Multibit neural inference in a N-ary crossbar architecture

TL;DR

This paper introduces a simulation framework for N-ary crossbar architectures in in-memory computing, demonstrating neural inference with magnetic tunnel junctions and analyzing error sources to optimize performance.

Contribution

It presents a novel simulation approach for N-ary crossbar arrays and investigates error impacts, including quantization and noise, to improve neural inference accuracy.

Findings

Achieved 94.48% MNIST accuracy with simulated 4-state MTJ crossbar.

Identified weight quantization as the main error source affecting inference.

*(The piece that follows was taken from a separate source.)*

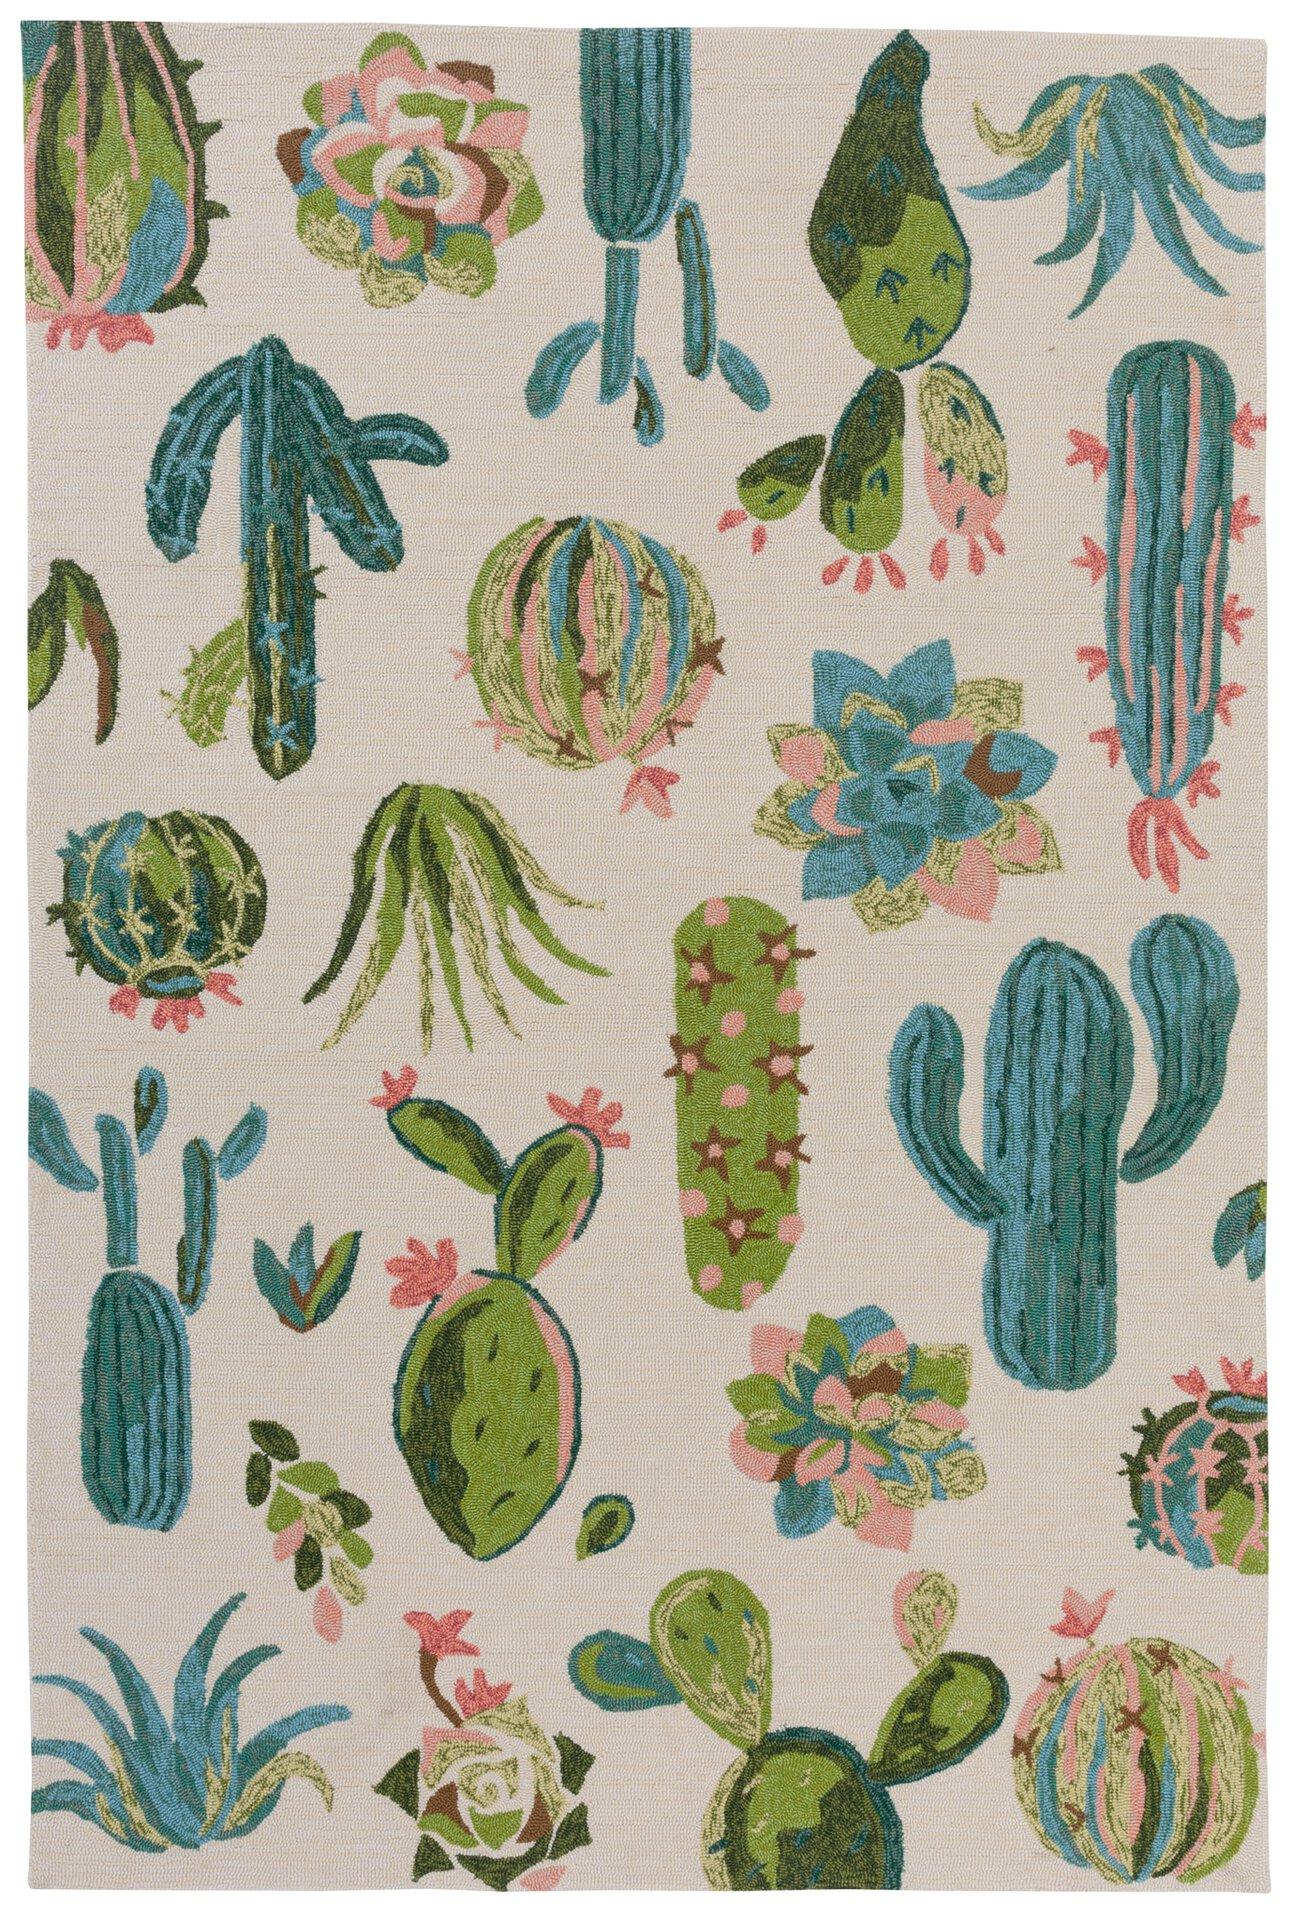 Handtuftteppich Rosetta Gino Falcone Textil weiß

Optimal number of states per cell balances quantization error and resistance resolution.

Abstract

In-memory computing (IMC) enables energy-efficient neural network inference by computing analog matrix-vector multiplications (MVM) in memory crossbar arrays. In this work we present a simulation framework for N-ary crossbar architectures that retrieves MVM results with minimal implementation assumptions. The XOR and MNIST classification tasks were successfully inferred using a simulated crossbar array of (4x4) 4-states magnetic tunnel junctions (MTJ). MNIST accuracy reached 94.48% (vs. 97.56% software baseline). The software-hardware performance gap was further reduced using PCA dimensionality reduction. We identified weight quantization as the primary error source, and studied its impact alongside systematic nonidealities and random noise. We find that cell-specific random noise is less detrimental than systematic errors due to averaging across the array. Finally, we demonstrate an optimal number of states per cell that balances quantization error against resistance state resolution to minimize total MVM error.